Association of HLA-DRB1 alleles and PTPN22 alleles with RA are well established [8, 10, 11]. For other potential RA loci, reported effects are usually small and replication studies were inconclusive. Notably, one well-powered candidate gene study in a Caucasian population verified associations between PADI4 and CTLA4, but not with other associations [12]. With OR in the range 1.1 to 1.2, variants of PADI4 and CTLA4 confer a similar risk to that of the new ITGAV variant. Because confirmed associations account for only about 50% of RA genetics, more candidate loci conferring similar risks are to be expected. They will probably be found on the basis of functional insights, computational modeling, animal models, expression analysis, and genome-wide association studies. Verification of newly found associations would be greatly aided by the deposition of genotypes and detailed phenotype data in public databases such as dbGaP [13] for use in (disease sub-type-specific) meta-analyses.

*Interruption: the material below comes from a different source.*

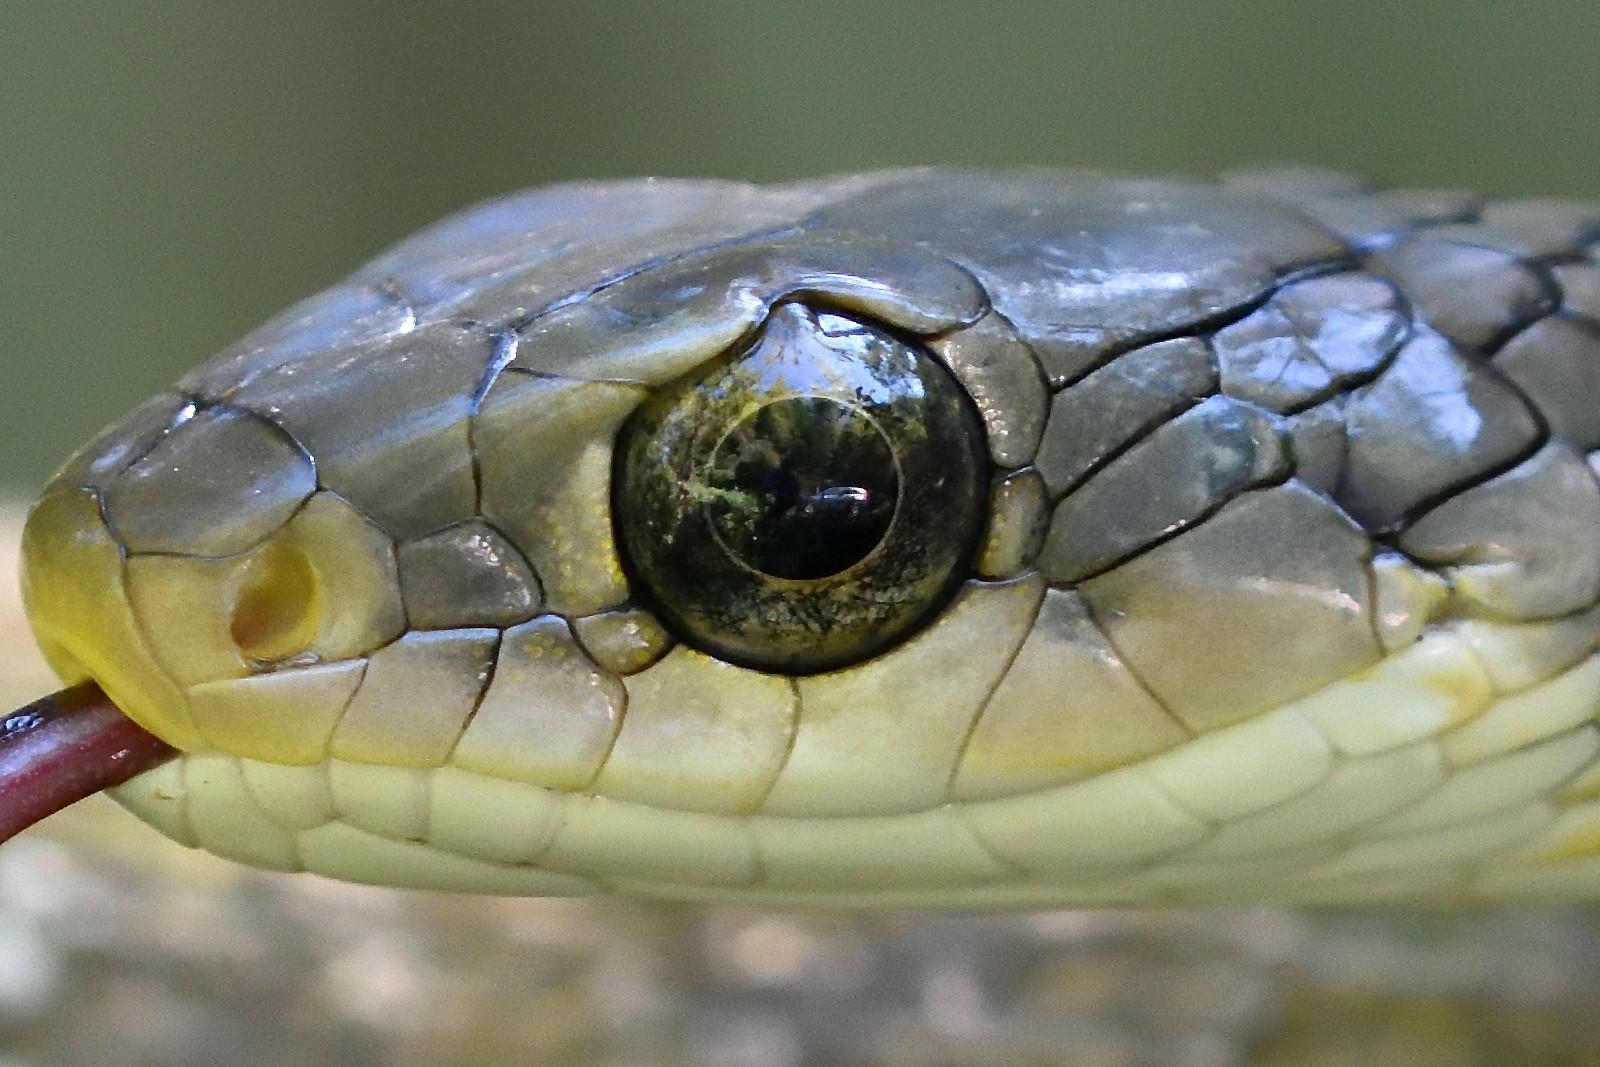 Snake_6366_O

ITGAV is the latest example of a candidate gene that may be relevant to RA. Increased significance in the combined samples in the study of Jacq and colleagues, corroborated by data from a genome-wide study, suggests that this association may indeed be true and common to different European ancestries. Further research into the associating variant will require detailed haplotype analysis, verification in further studies, and research involving intermediate phenotypes or direct functional experiments. The newly found gene variant may not provide utility as a diagnostic marker for RA because of its high frequency in healthy controls. However, it may be another important step on the way to a better understanding of RA etiology and pathomechanisms, in particular the role of angiogenesis.